DATA BELOW »
+---+

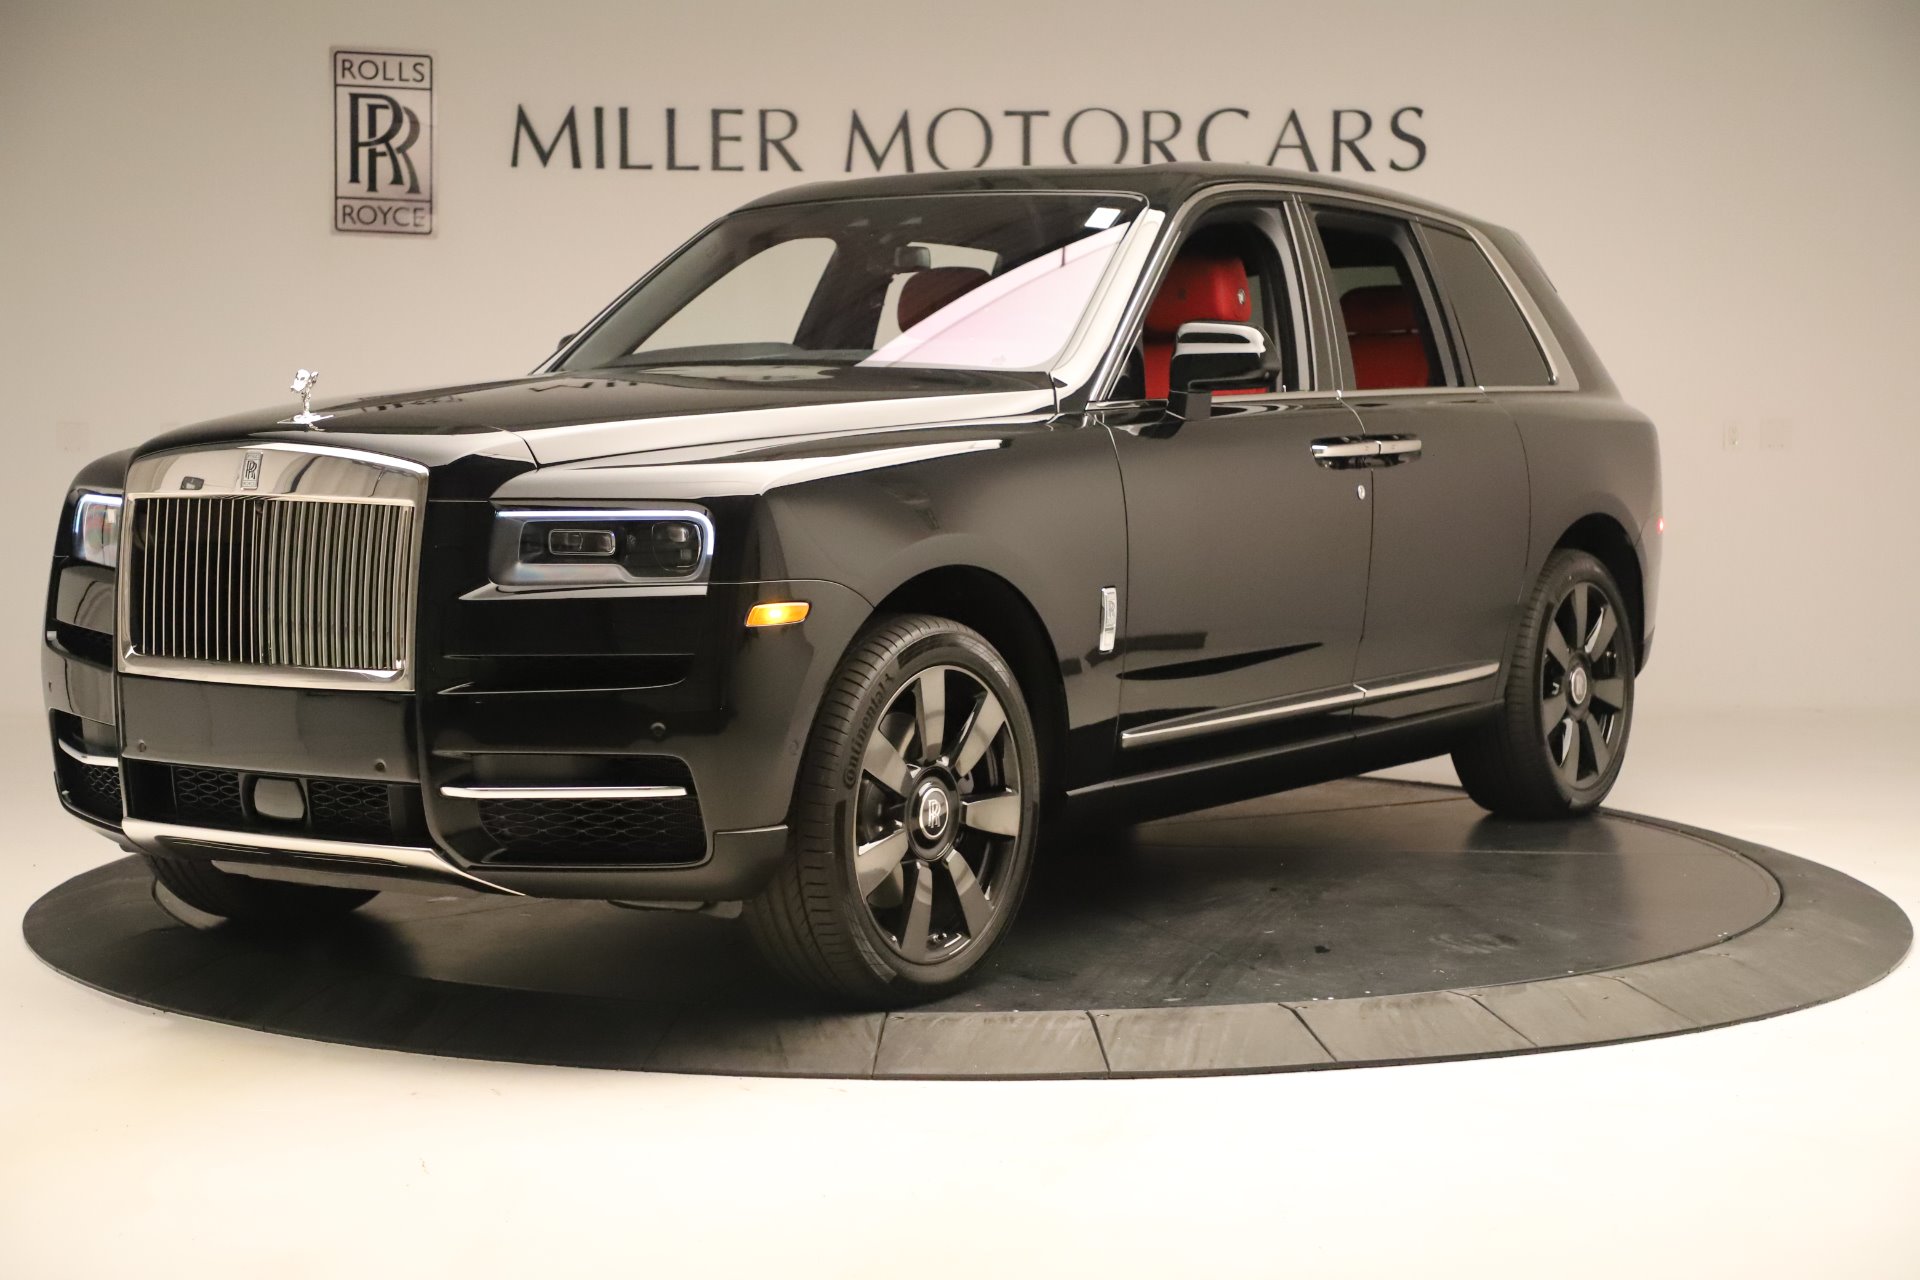 New 2020 Rolls Royce Cullinan For Sale Miller Motorcars
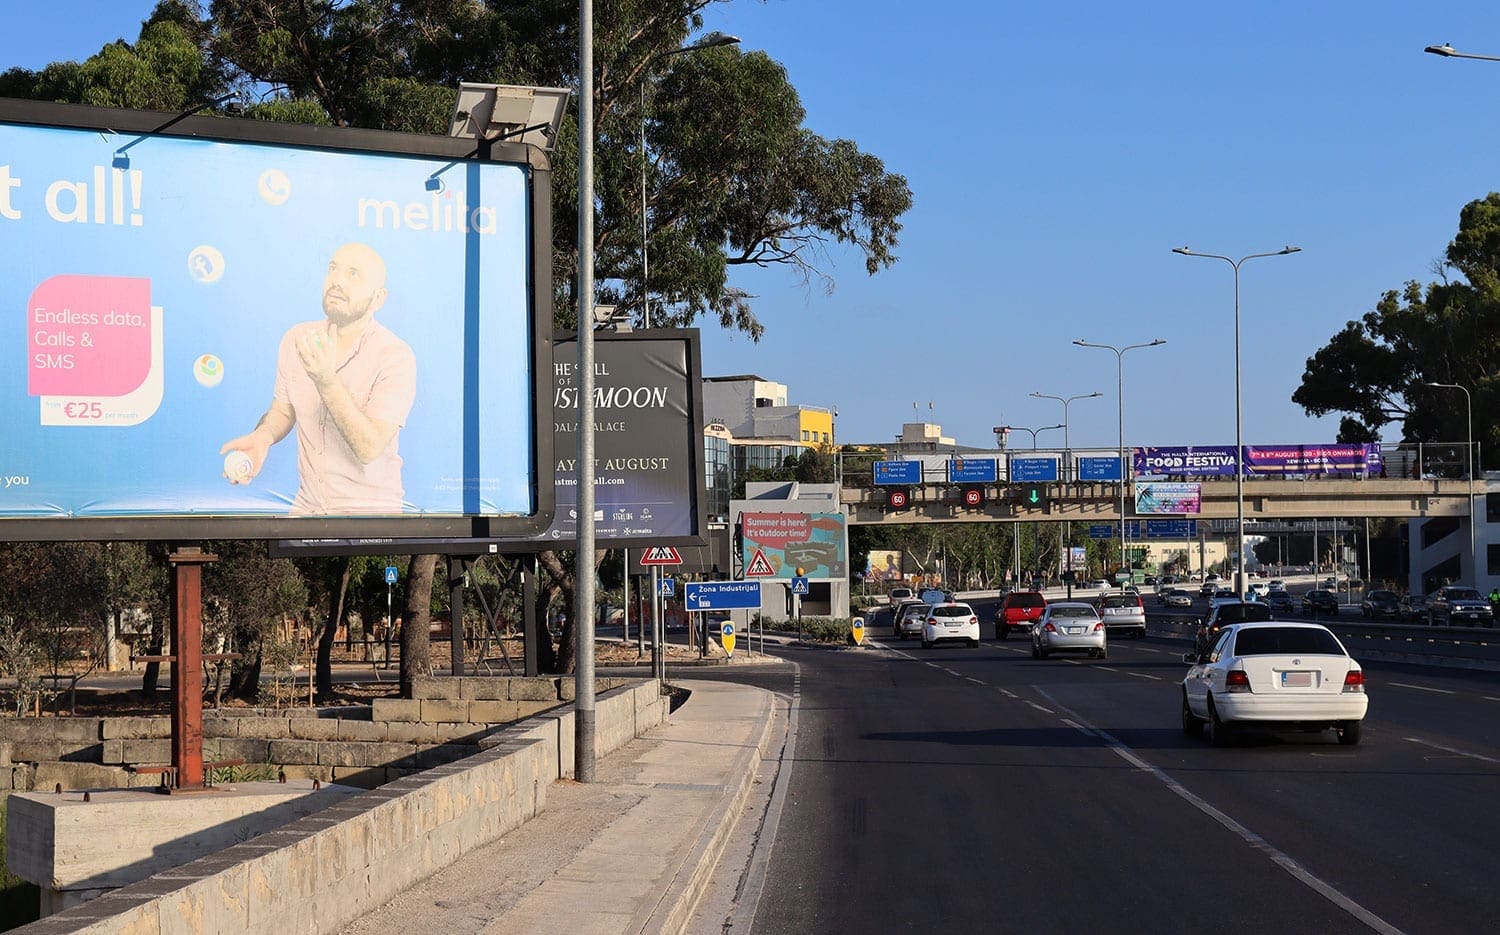 billboards. Visual pollution
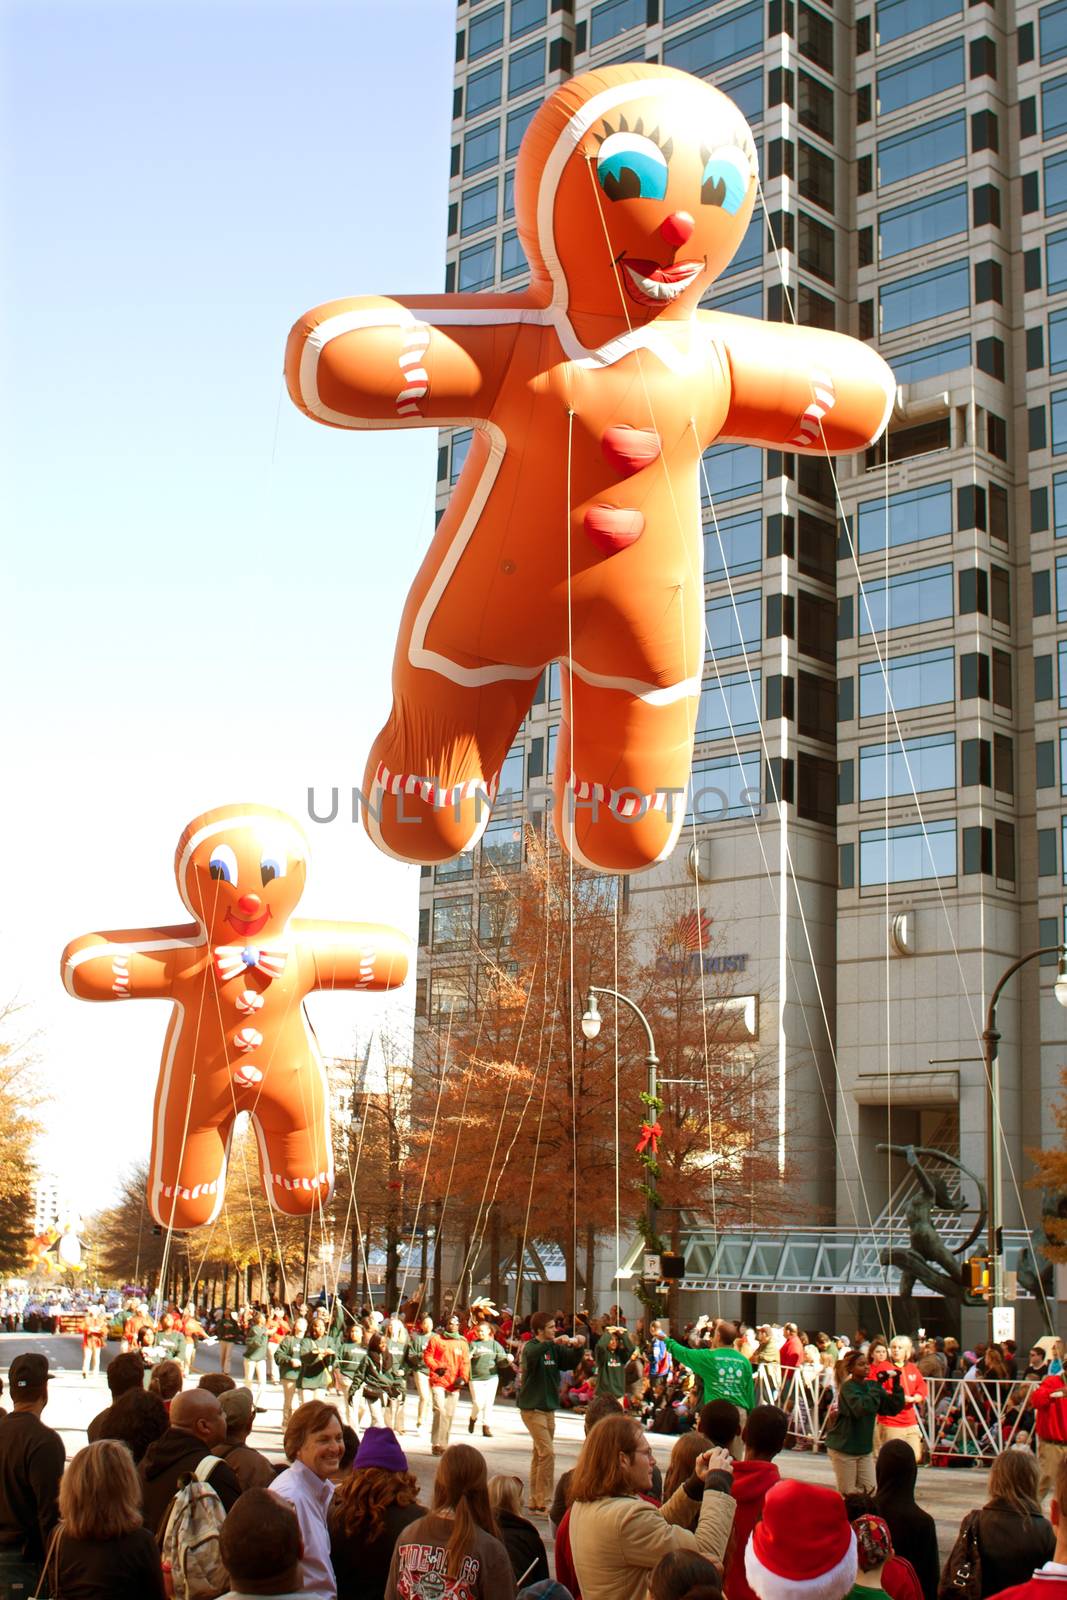 Gingerbread Man Balloons Float Through Atlanta Christmas Parade by BluIz60

+---+

EXERCISE DIRECTIONS » Copy the listing word for word, excluding its pictures.

OUTPUT OF THE EXERCISE »
 New 2020 Rolls Royce Cullinan For Sale Miller Motorcars
 billboards. Visual pollution
 Gingerbread Man Balloons Float Through Atlanta Christmas Parade by BluIz60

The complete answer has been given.